Antonio Berni, Ley marcial o le dictateur [Martial Law or The Dictator], 1964, Oil on particle board with cardboard, velvet, plaster, plastic, gilded escutcheons, tap shoe tips, nails, and staples
Portraits of military men are quite predictable. The stance, the pose, the soldierly medals pinned to their chests — the trappings of status are easy to recognize, and the unspoken gravitas of it all becomes part of the portrait’s implicit social text. “This,” such portrait tradition would seem to say, “was a really important man who did really important things.”
Colombian artist Beatriz González’s painting, Apuntes para la historia extensa, continuación [Notes for an Extensive History, Continuation], turns the expectations of such military portraiture on itself. Painted in 1968, almost a decade after Colombia’s ten-year civil war, Apuntes is a portrait of Simón Bolívar, the iconic nineteenth-century figure — a hero in Latin America’s fights for independence from the Spanish Empire. In Apuntes, González paints a contemporary Bolívar in a military uniform with garish, unflinching colors; he stands with crossed arms while the blue, red, and yellow stripes of Colombia’s flag run vertically around him.

Beatriz González, Apuntes para la historia extensa, continuación [Notes for an Extensive History, Continuation], 1968, Oil on canvas
Apuntes para la historia extensa, continuación is currently part of the Blanton Museum of Art’s ongoing Pop Crítico/Political Pop: Expressive Figuration in the Americas, 1960s-1980s exhibition — an exploration of politicized Pop art in the United States and Latin America. Indeed, the exhibition reminds audiences implicitly and explicitly that Pop art was much more than just Warhol’s soup cans and Marilyns; Pop was powerful, and used irony, satire, and even ridicule to explore difficult political positions. The show, overall, is a careful, nuanced exploration of Pop art’s power as a tool of social and political critique in the mid-to-late twentieth century.

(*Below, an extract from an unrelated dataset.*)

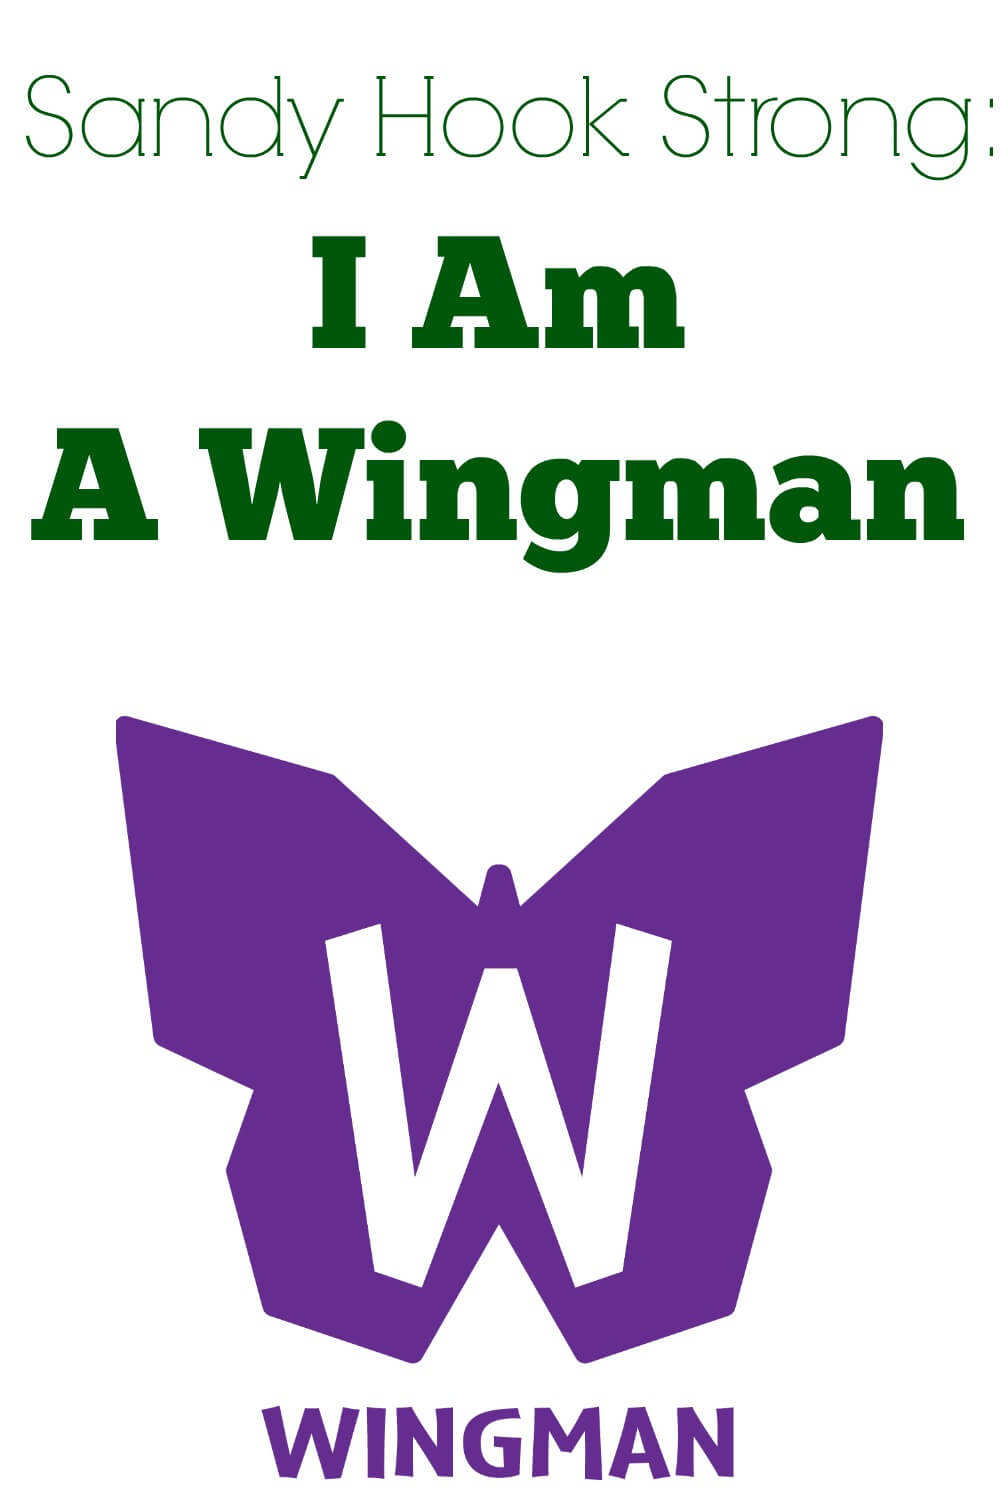 The Wingman Program was developed after the tragedy at Sandy Hook. Check out how 1 family is choosing love and inspiring others to be Sandy Hook Strong.

In political philosophy, the “body politic” refers to the idea that a governing polity (a church, a state, a society, or an institution) can be understood — metaphorically — as a physical body. This working metaphor lets us talk about leaders as physical heads of state with other collective members, or citizens, forming the physical body. In Pop Crítico, the works on display show how artists turned toward symbolic figuration, known in Latin America as nueva figuración or neo-figuration, as part of their critiques and commentaries on their respective bodies politic. Works like Apuntes para la historia extensa, continuación show Pop art’s power to reinterpret and reimagine — González’s work is a twentieth-century reinterpretation of José María Espinosa’s classic portrait, Simón Bolívar (c. 1830), that would have been anywhere and everywhere in Columbia (and therefore easily recognizable) to González’s audiences.

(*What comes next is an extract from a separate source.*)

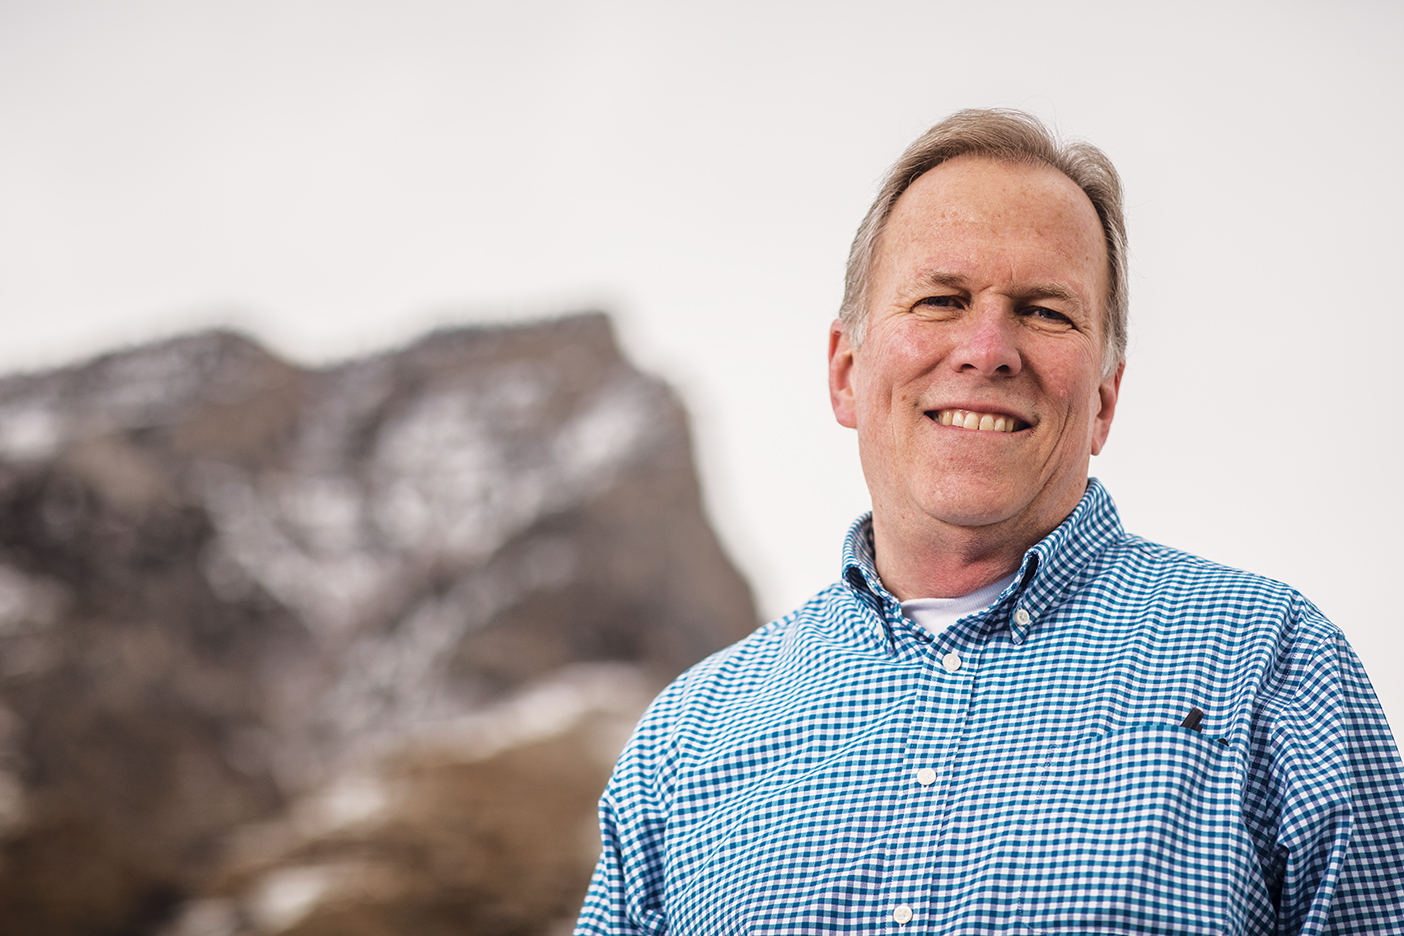 Backed by a mountain peak, BYU grad Joseph Johnston stands and smiles.

Indeed, the body — allegorical, metaphoric, or literal — and its suggestion of being the body politic is at the very center of Pop Crítico. For example, George Segal’s Blue Woman in Black Chair (1981) is a life-size plaster cast of a blue woman lost in a moment of unguarded reverie. She is covered only by a deep blue blanket tucked around her shoulders and sides.
Antonio Berni’s 1976 drawing Circe (Enigma) shows a nude woman looking at herself in a mirror. The woman’s reflected body is joined by the gaze of a playboy voyeur who watches her as the audience watches him. Marisol Escobar’s lithograph of Elizabeth Cady Stanton (an early advocate in America’s women’s rights movement) and Lucretia Mott (an early feminist and abolitionist) suggests that the power to change the head (i.e. governing ideas) of a body politic system comes from the members of its body. (This theme is shared by Rubert García’s screenprint of Mother Jones.)

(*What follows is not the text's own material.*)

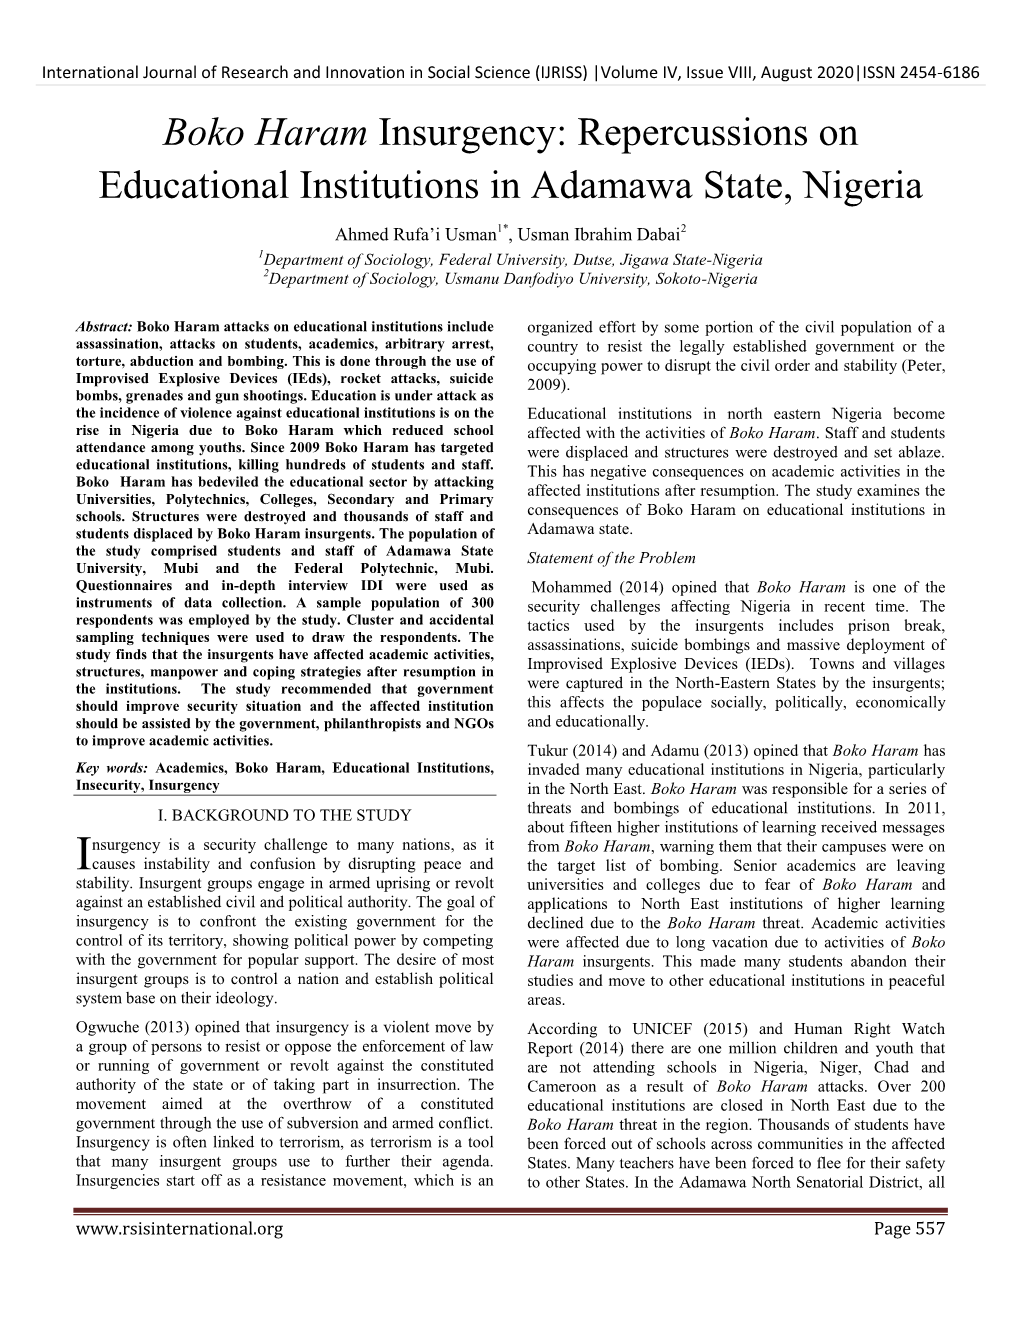 Boko Haram Insurgency: Repercussions on Educational Institutions in Adamawa State, Nigeria

Antonio Berni, Circe [Enigma], 1976, Watercolor, charcoal or oilstick, and collaged magazine paper on paper
Marisol Escobar’s Pocahontas (1976), in particular, offers a pointedly sharp political commentary that coincided with America’s bicentennial celebrations. Escobar’s portrait of the Indigenous American woman Pocahontas (also known as Motoaks and later baptized as Rebecka) is based on a 1616 engraving by Dutch printmaker Simon van de Passe. In van de Passe’s original, Pocahontas is given Anglo-Saxon facial features and is clad in an elegant lace ruff and embroidered coat as part of her journey to England to appear in court as a “noble savage.” The original portrayal of Pocahontas falls neatly into America’s mythology surrounding its settlement. Escobar, on the other hand, “literally turns the portrait inside out,” Pop Crítico’s wall text explains. “Her Pocahontas has black skin, her dark hair cascading out of her hat…Pocahontas’s black skin may be a reference to the enslavement of Africans as well as Native Americans during the colonial period and the ongoing fight for civil rights even two hundred years after American Independence — and beyond.”

Marisol Escobar, Women’s Equality from Kent Bicentennial Portfolio: Spirit of Independence, 1975, Lithograph
In short, Pop Crítico’s works explore how artists challenged their respective body politics on issues of economic inequality, racism, anti-war sentiments, the then-nascent AIDS crisis, and state-sponsored torture under military dictatorships. Pop Crítico shows us that from the 1960s through the 1980s the members, citizens, exiles, and artists of the body politic — who all made up the governed body — used their art as a primary means of working to enact meaningful change on their environments.
Pop Crítico/Political Pop: Expressive Figuration in the Americas, 1960s-1980s is on view at the Blanton Museum of Art in Austin through January 16, 2022.